The Soft-coated Wheaten Terrier is an energetic and playful dog. It requires patience and consistent positive training. Harsh methods will often result in fear and/or aggression. A positive, even-handed approach works best with this intelligent yet headstrong terrier. It is an enthusiastic greeter, and will often jump up to lick a person's face, commonly referred to as the "Wheaten greetin". Wheatens are considered less scrappy than other terriers, but are lively and can be more active than many other breeds. For this reason these dogs do best when they are exercised regularly.

They are cool-weather dogs and can become easily overheated in hot weather. If socialised with cats and puppies, they may get along fine with them; if not, care should be taken in introducing them to cats, as the breed has a very strong "prey drive" because of its vermin-hunting origin. Wheatens are friendly and loving pets, and get along well with other dogs if properly socialised.

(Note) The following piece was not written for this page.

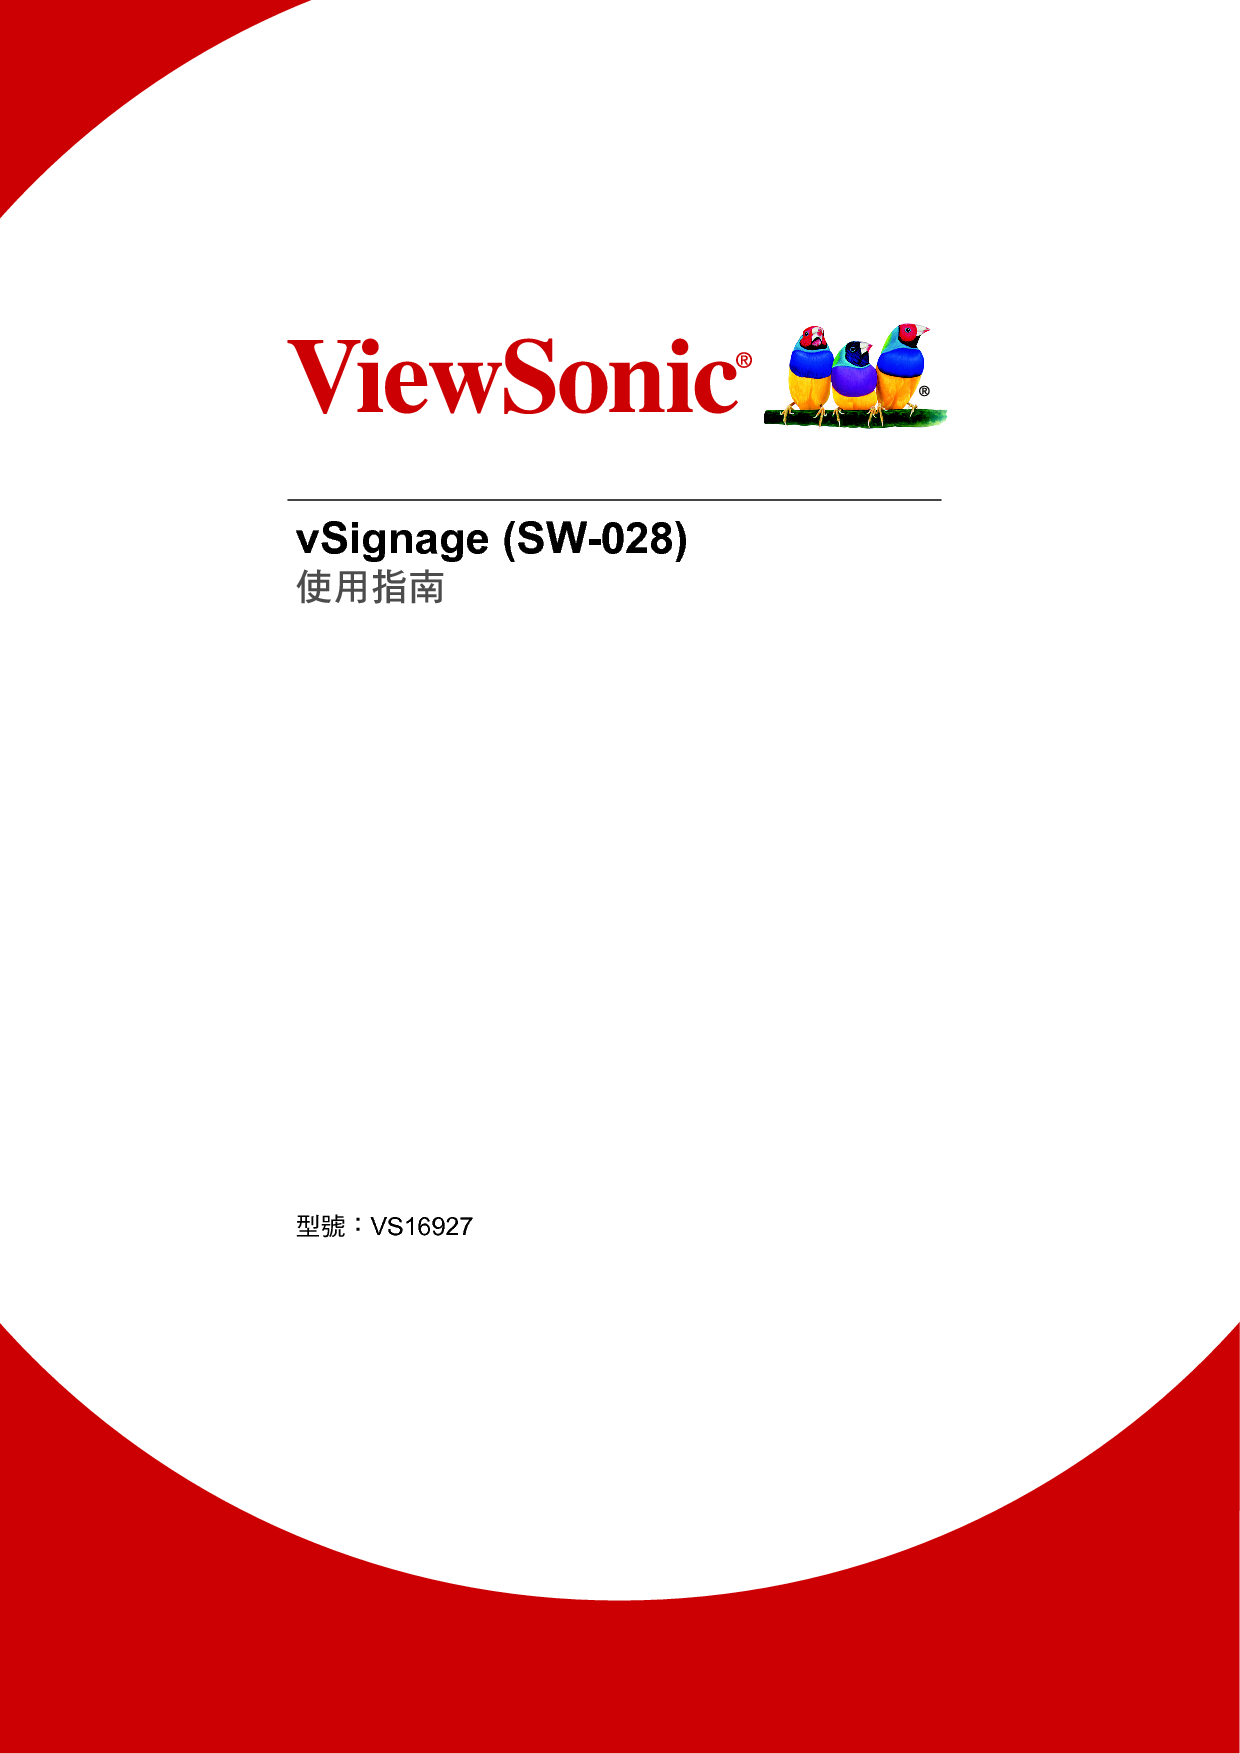 优派 ViewSonic SW-028, vSignage 繁体 使用手册 封面

Wheatens are very protective of their families and, although they may bark in alert at strangers, they rarely become aggressive. If not properly trained they can bark excessively. Many Wheaten owners thus say they make great watch dogs, but poor guard dogs. Wheatens are a great dog for children and are generally friendly towards them. Wheatens are very curious and will most likely try to wander if left outside alone. If well trained they can become very loyal and will listen very well to commands.